Muvahhid bir mü’min olmak için, sadece Allah’a inanmak yeterlidir, yalanını uydurma cüretini gösterebiliyorlar. Peygambersiz bir İslam modelini sunmaya çalışıyorlar. Oysa onların bu görüşünü tekzip eden pek çok ayet vardır. Fakat bunları hep görmezden geldiler. İşte bu ayet-i celîlelerden sadece birini bilgilerinize sunmak istiyorum: “Kim Allah’a ve Rasûlüne iman etmezse bilsinler ki biz (o) kâfirler (gürûhu) için alev alev (çılgınca) yanan bir cehennem hazırladık.”[1]

Bu ayet-i celîle, çok açık ve net olarak ahir zaman peygamberi Efendimize (s.a.v) iman etmeyen bir kimsenin imanının sahih olmayacağını ve bu şekilde küfür içinde olduğunu ayan beyan ifade ediyor. Özet olarak, insanoğlunun kurtuluşunu müjdeleyen ve ona cennet vaat eden iman sadece ve sadece “tevhid” inancıdır. Devr-i Âdem’den beri bu iman ve ikrar üzere ölen bütün mü’minler birbirlerinin kardeşleridirler. Haşr Suresinde geçen “Bizden önce iman etmiş olan kardeşlerimizi …”[2] ifadesi de geçmiş zamanlarda iman etmiş kimselerin bizim dinde kardeşlerimiz olduğunu belirtir.
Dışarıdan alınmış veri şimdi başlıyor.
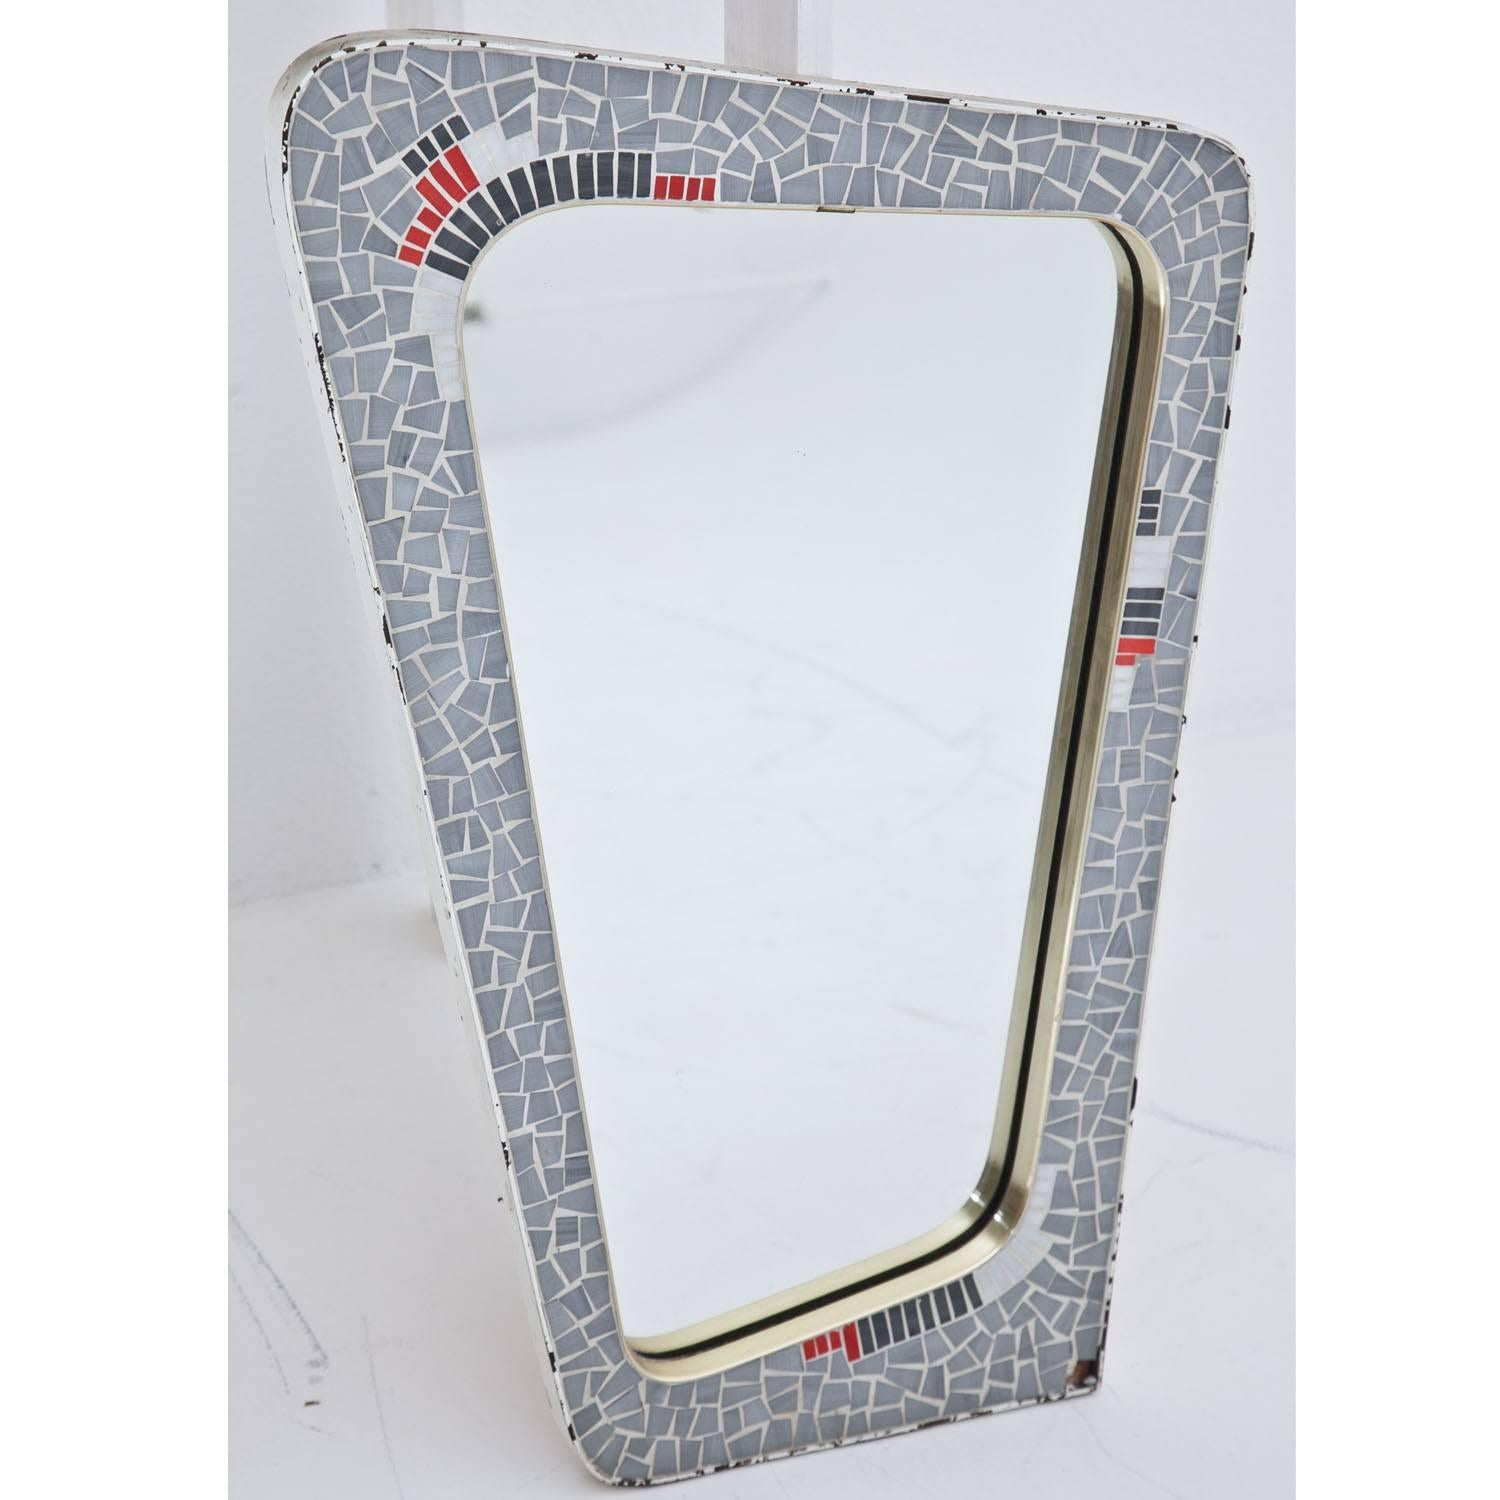 Asymmetrical wall mirror in a trapezoidal mosaic frame with blue-grey stones and red accents. One stone is missing in the bottom right corner. Label on the back, saying “Lilienthal Mosaic mirror, Model ‘Carmen’ ”.
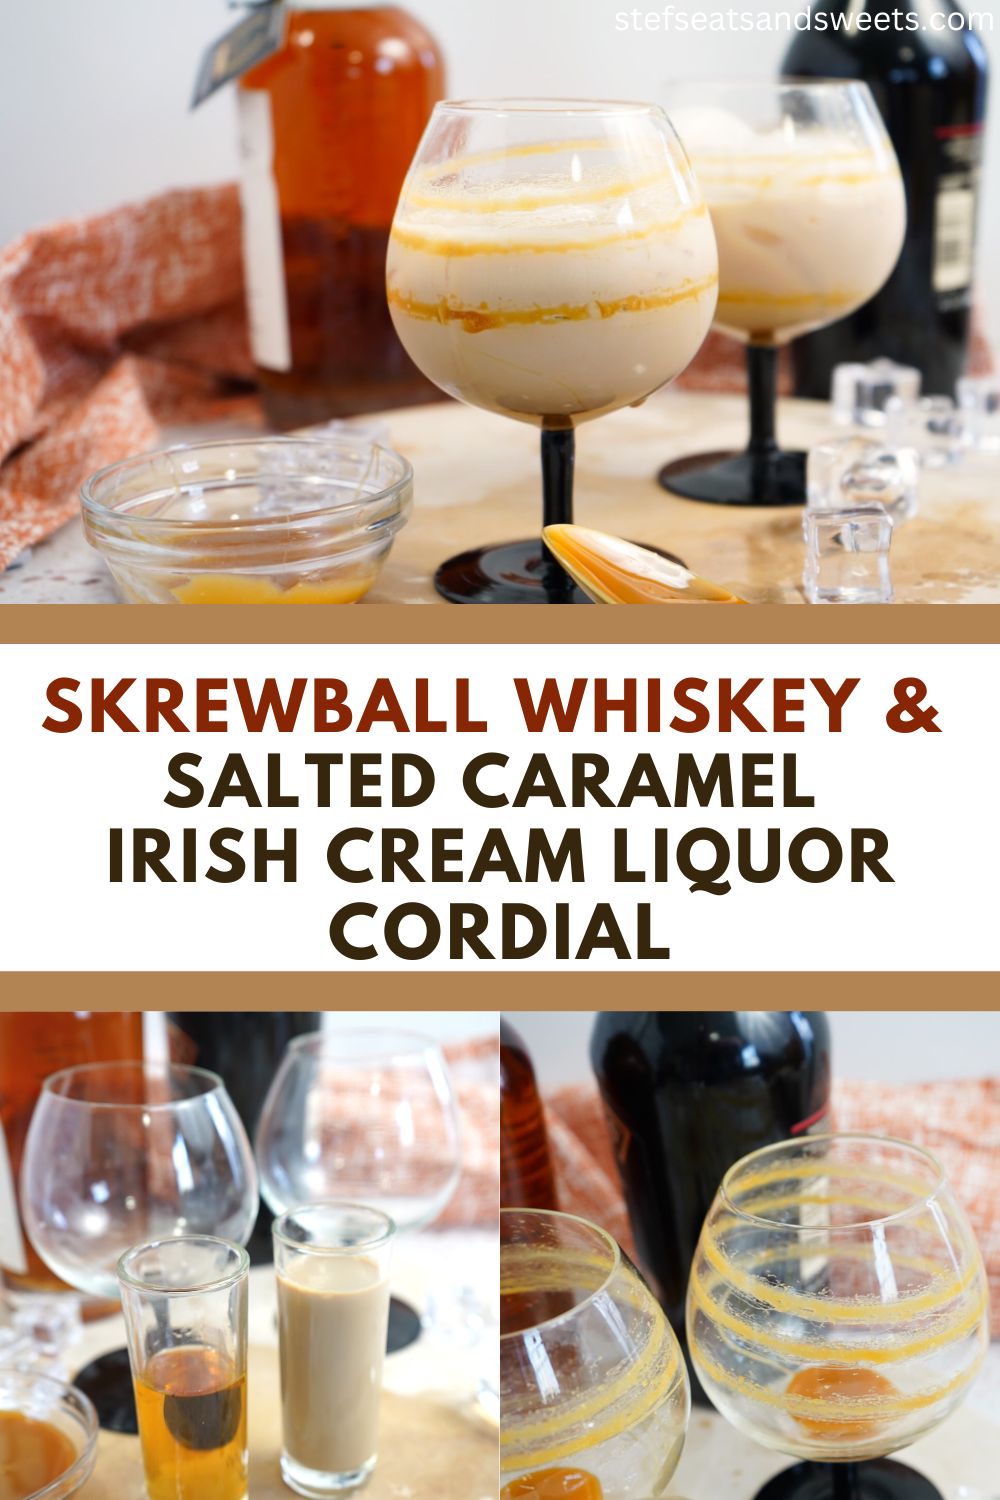 Salted caramel and whiskey cordial
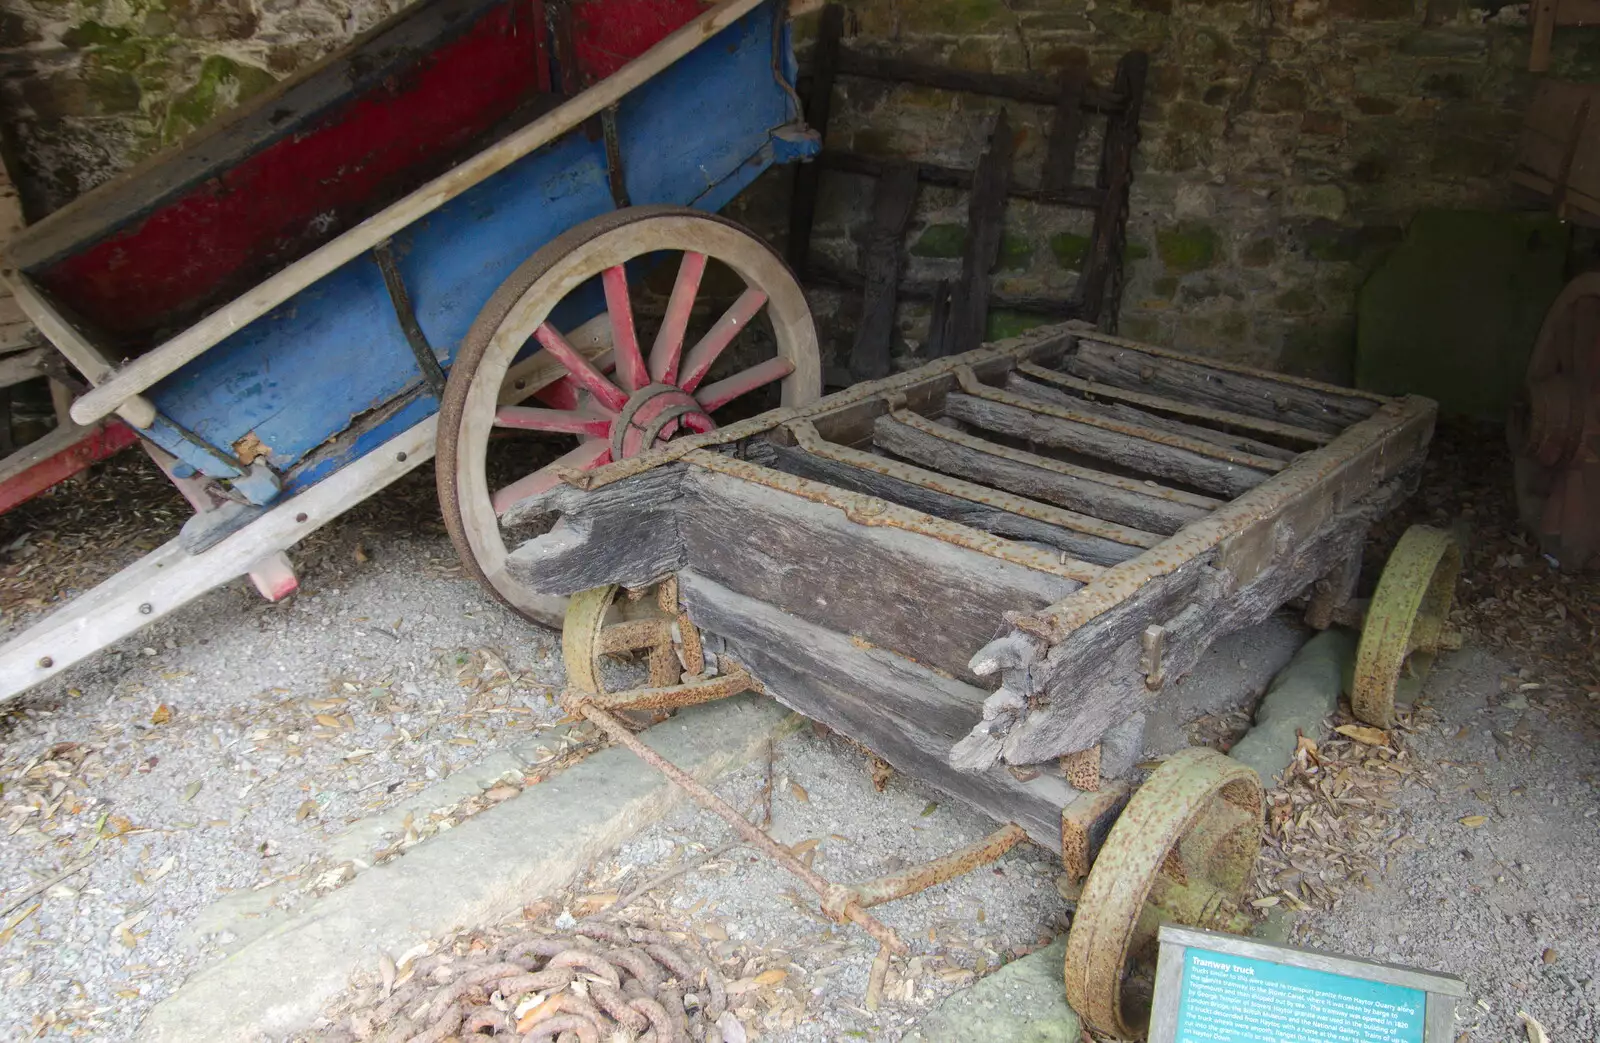 An ancient trolley or cart, from Chagford Lido and a Trip to Parke, Bovey Tracey, Devon - 25th May 2019
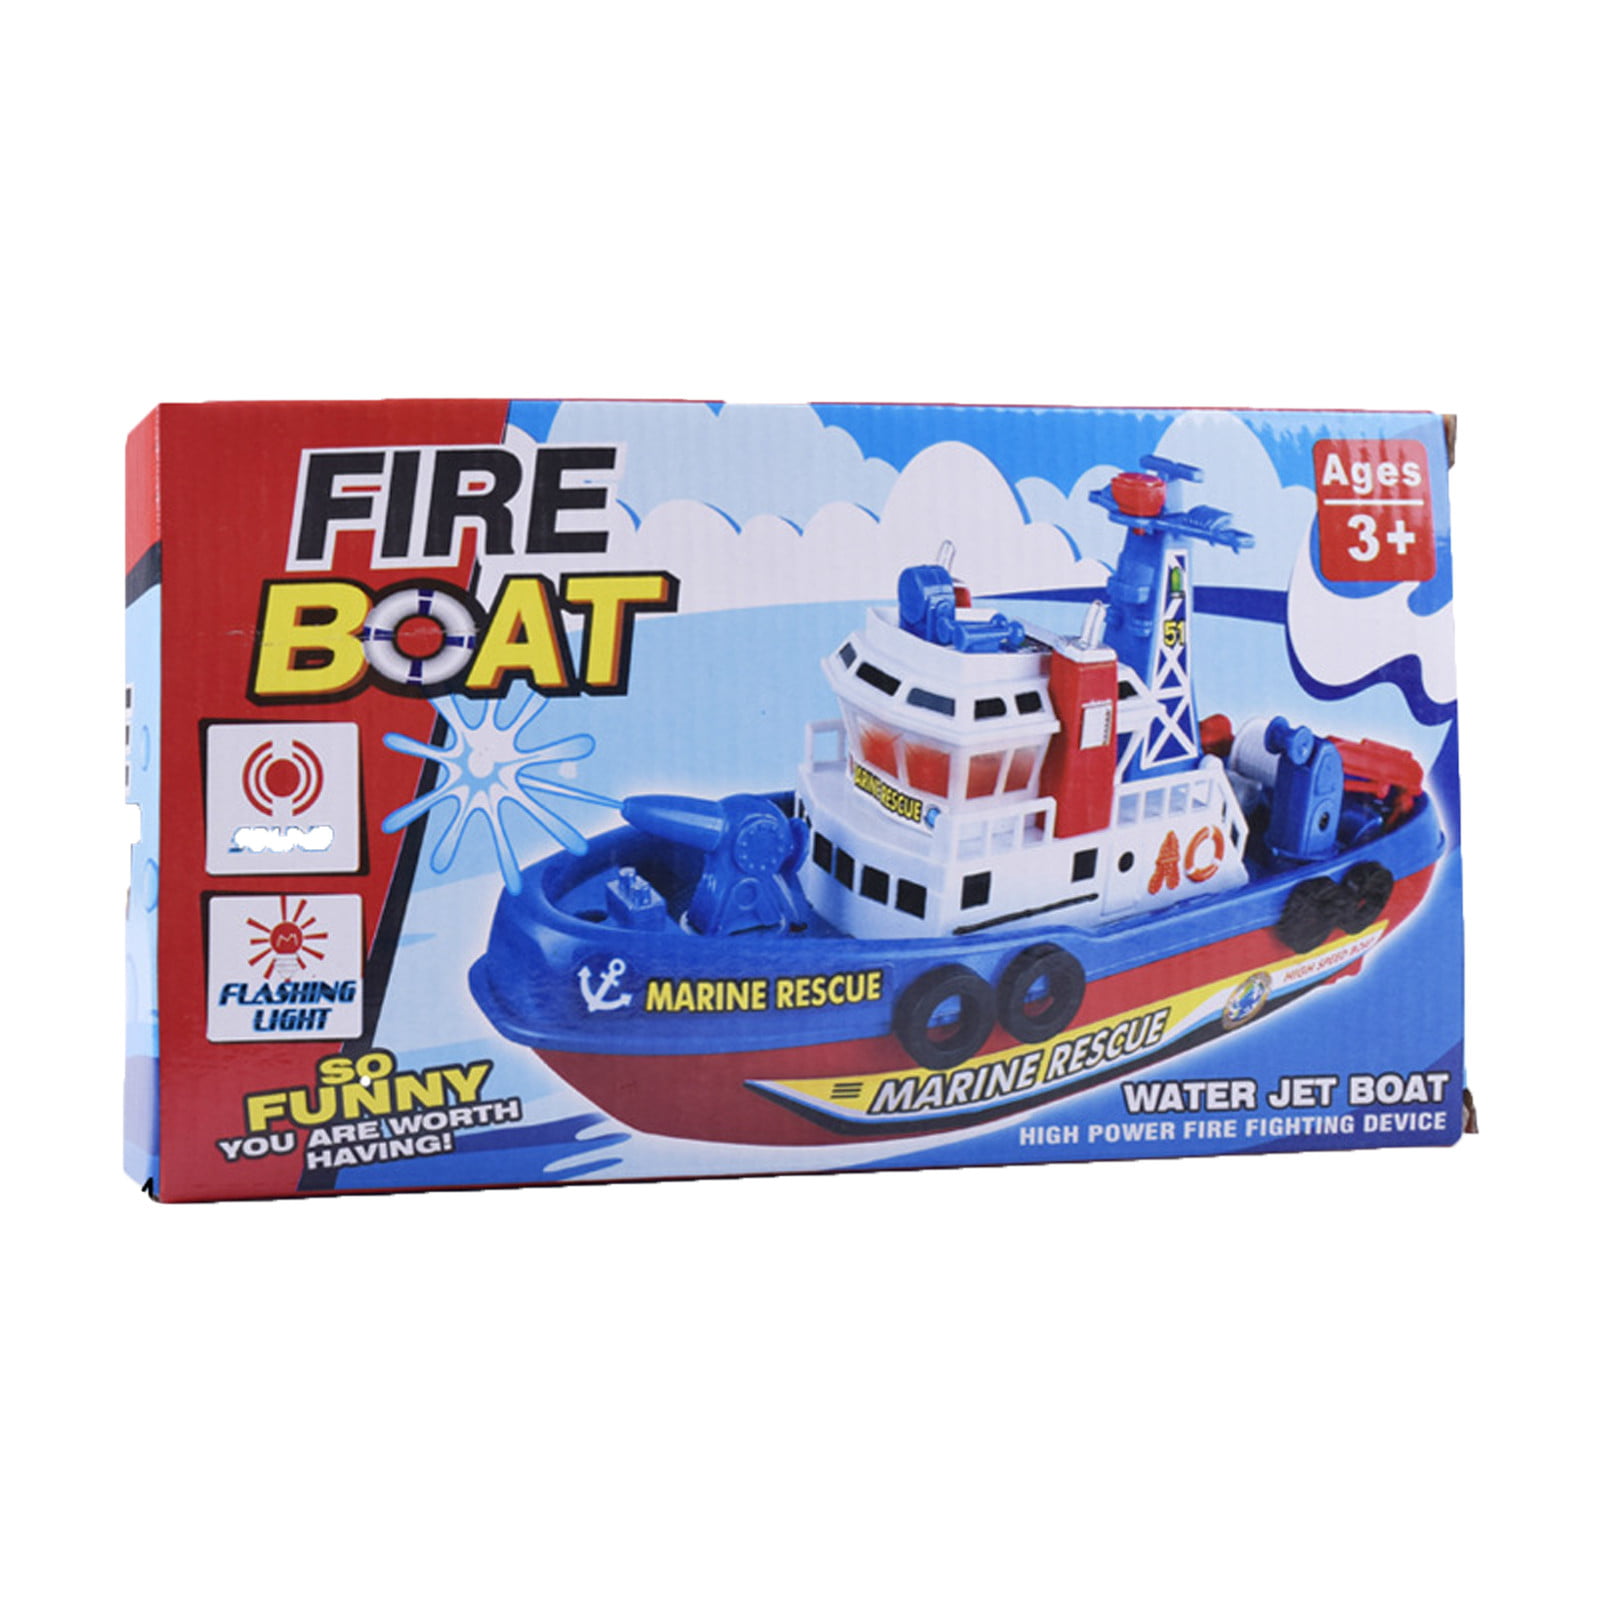 Blue Flashing Electric Fire Boat Baby Bath Toy LED Light Kids Gift Model New

İslam Istılahına Göre İmanın Manası, Hakikâti Ve Rükûnları

İslâmî ıstılahta “iman”, Peygamberimiz Hz. Muhammed (s.a.v)’e, Allah (c.c) tarafından getirdiği kesin olarak bilinen haberlere, dinî esas ve hükümlerin doğru ve gerçek olduğuna tereddütsüz inanmak, bunların tamamını iz’an ve kabul ile tasdik ve itiraf etmektir. Yani Allah’a, Hz. Muhammed (s.a.v)’in son peygamber olduğuna ve “zarûrât-ı diniye” diye bilinen İslamî esaslara, hükümlere ve haberlere kesin olarak inanmak, tamamını kabul ve itiraf etmektir. “Zarûrât-ı diniye”, peygamberimizden tevatür yolu ile nakledilen ve aklî delile muhtaç olmadan bilinen Kur’an’ın Allah kelamı olması, ölümden sonra dirilmenin ve ahiret hayatının hak olması; namaz, zekât, oruç ve hac gibi ibadetlerin farz olması; zinanın, içkinin, faizin, adam öldürmenin ve yalan söylemenin haram olması gibi İslamî esas, hüküm ve haberlerdir. Kesinlik ifade eden bu gibi dinî esaslara her Müslümanın tereddütsüz inanma zarureti vardır.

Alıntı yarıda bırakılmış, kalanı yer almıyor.